Well it says “"EchoStar received $2.5 billion in financing in September to pay its upcoming debt maturity” and then says “These funds are unaffected by the DIRECTV transaction”.

Other articles says “private equity firm TPG Angelo Gordon and certain co-investors provided $2.5 billion in financing to allow Dish to meet its debt maturity in November”. So not technically a loan by TPG but a loan by “Angelo Gordon and certain co-investors”.

“Financing” means it was a loan.
 
No, Dish only received the $2 Billion towards this year’s debt that was due.

They also received $5B that was raised selling more bonds, that will largely handle next year’s debt payment, I do not believe that have a large amount due in 2026.

So basically, if the sale does not happen, Echostar is basically safe for the next couple of years.

But this is just regarding their debt, they still have problems, like declining revenue, loss of TV/Phone/Hughes subscribers.

They really need to figure out how to monetize the 5G Spectrum, but in doing so, will also increase the expenses, because they will largely be starting up a new business venture.

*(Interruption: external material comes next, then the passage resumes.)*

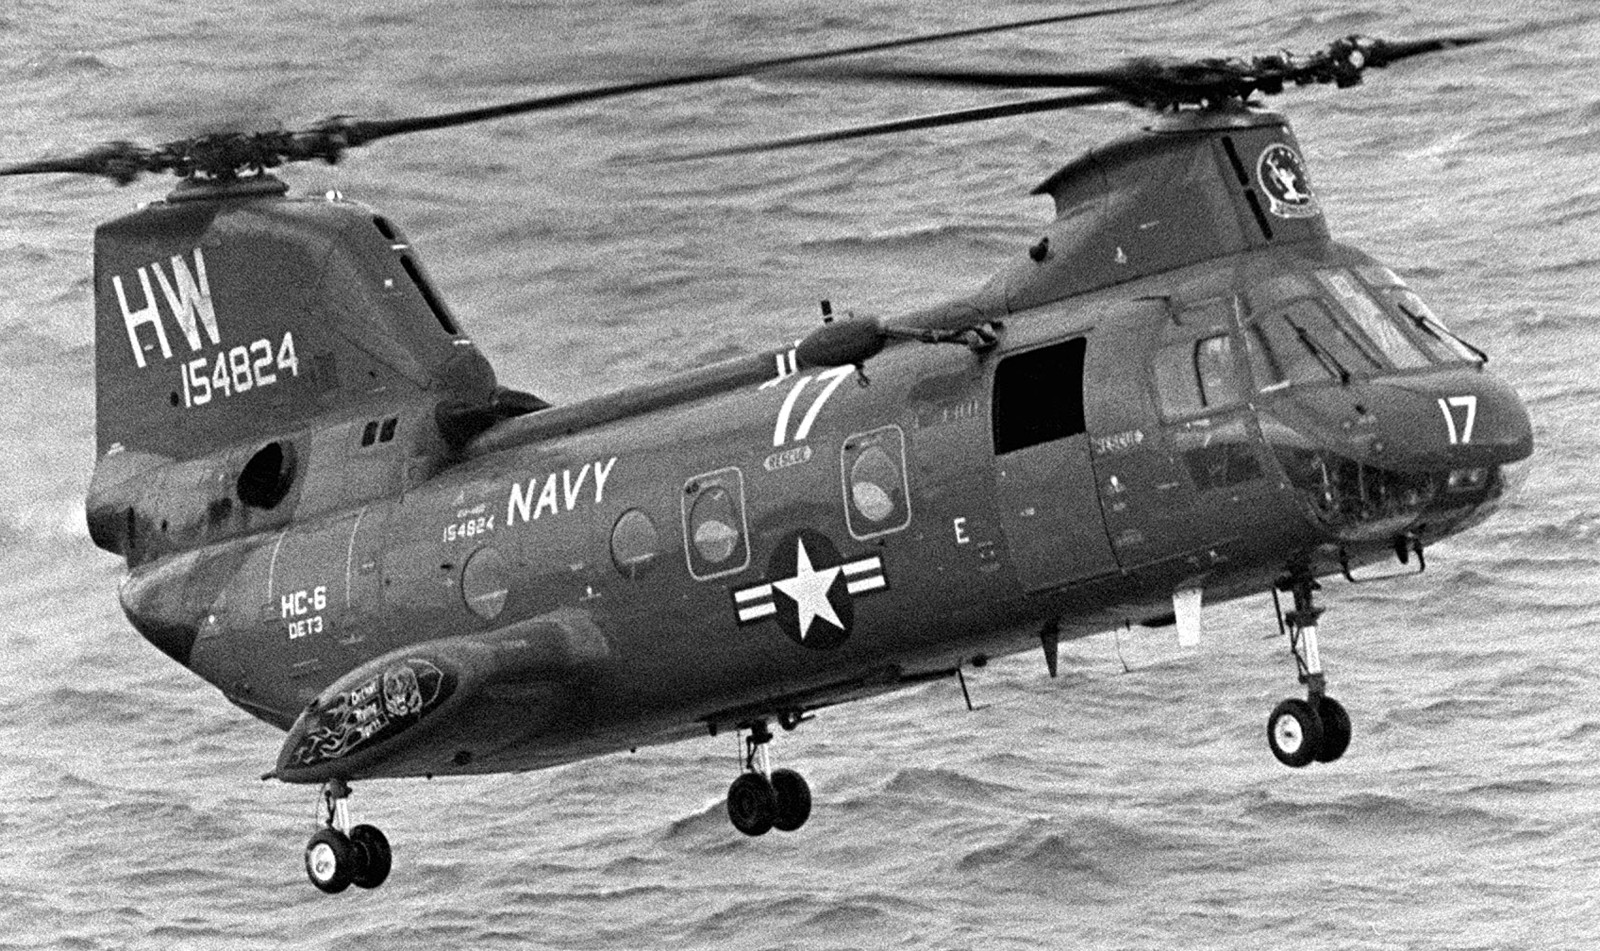 hc-6 chargers helicopter combat support squadron navy ch-46 sea knight 89

For example, if they offer 5G Internet at home, they will need to design and build modems that will receive the signal, those type of expenses.
Bruce I am not talking about that you are pointing out. I am talking about the original two-step deal that had TPG to taking the $9.75 billion in pre-existing DISH debt and for TPG to pay $1 to Echostar as well for the video businesses. What happens to that pre-existing debt that Charlie already had ? Stays on the books at Echostar and does the DBS video business also go back to Echostar if the deal is cancelled? Those two questions is what I am asking. Can you answer only those two questions.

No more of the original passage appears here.